───── Data below ─────

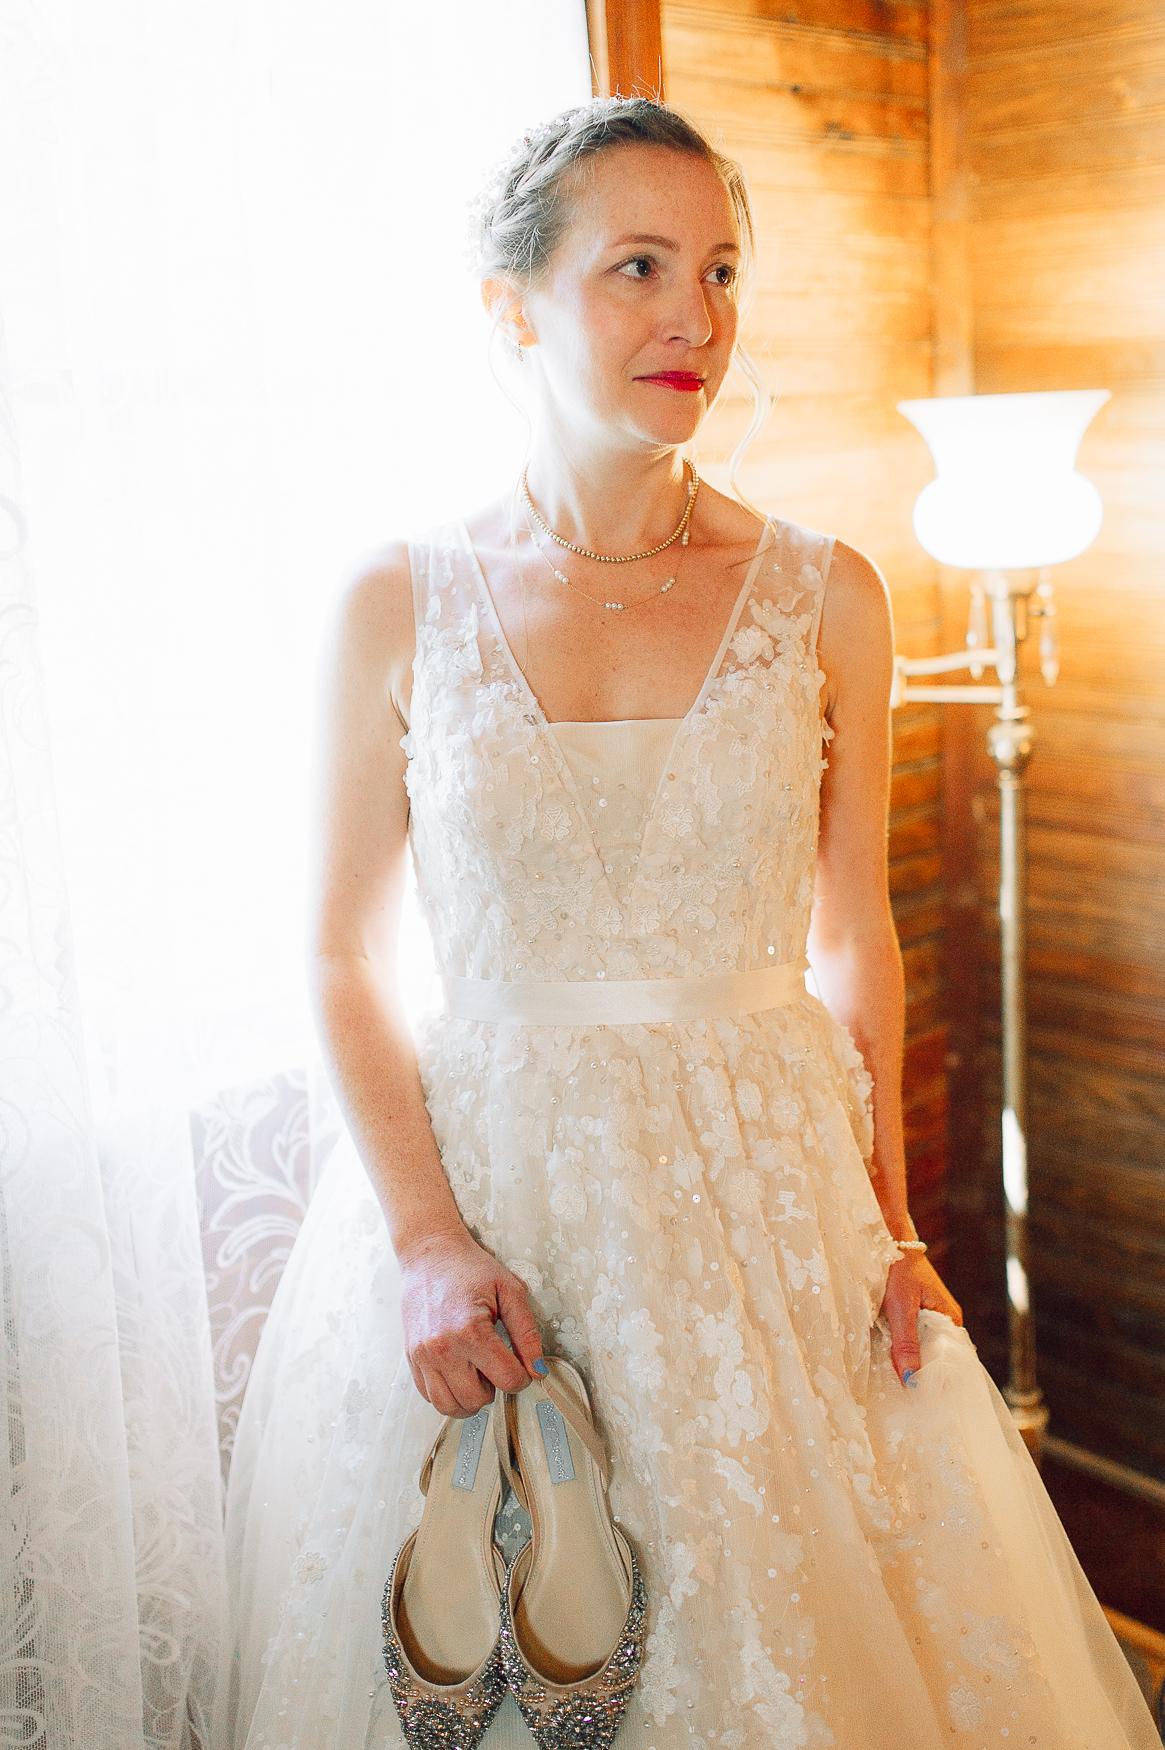 virginiawedding_theGlasgowFarm_rusticwedding_fredericksburg_youseephotography_CarolineDale (19).jpg
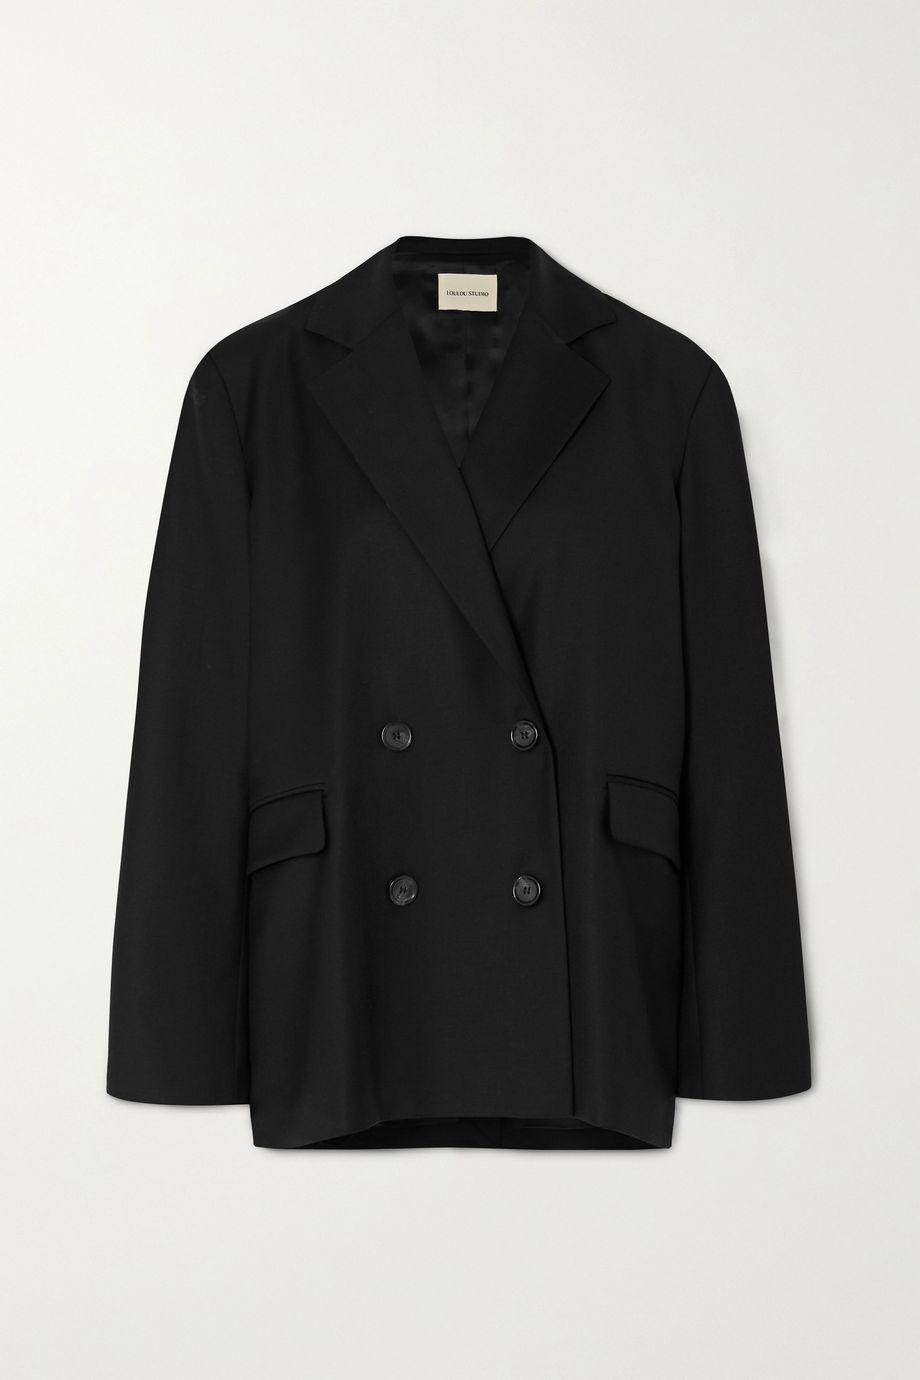 LOULOU STUDIO Tatakoto double-breasted wool-twill blazer
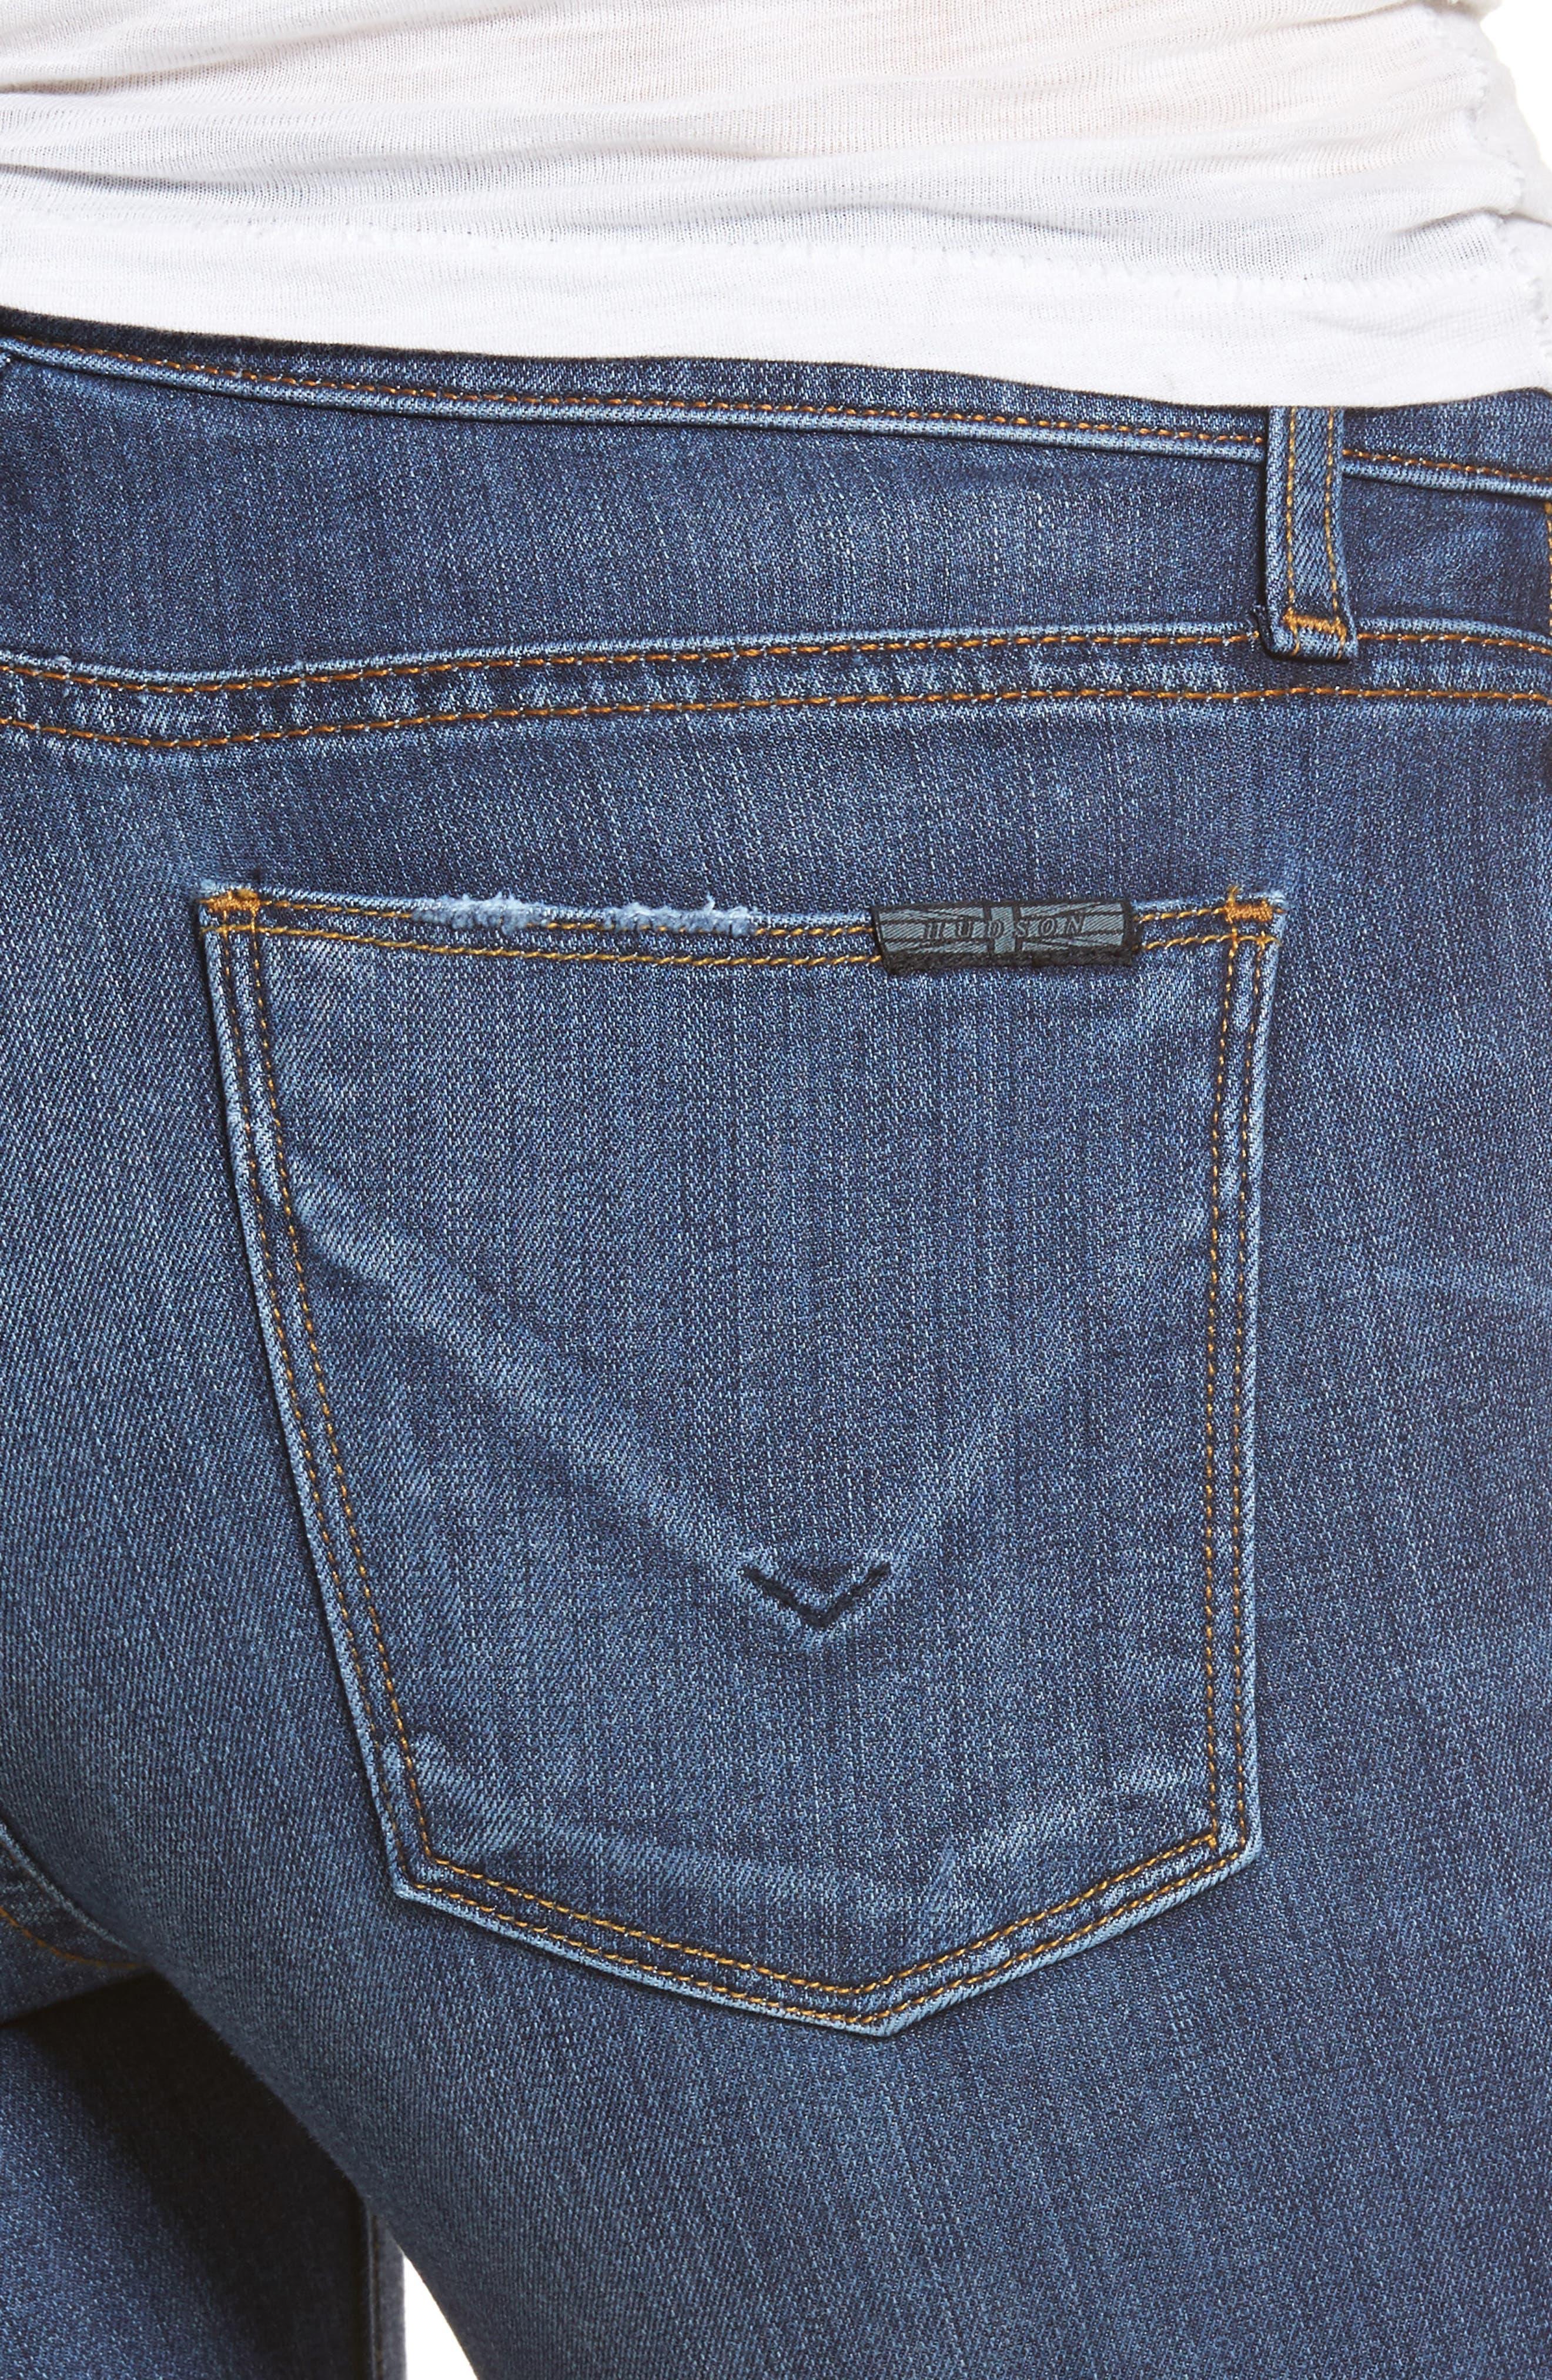 'Krista' Super Skinny Jeans,                             Alternate thumbnail 15, color,

─────

Leave out the pictures and reproduce the rest of the listing exactly.

Task output:
 virginiawedding_theGlasgowFarm_rusticwedding_fredericksburg_youseephotography_CarolineDale (19).jpg
 LOULOU STUDIO Tatakoto double-breasted wool-twill blazer
 'Krista' Super Skinny Jeans,                             Alternate thumbnail 15, color,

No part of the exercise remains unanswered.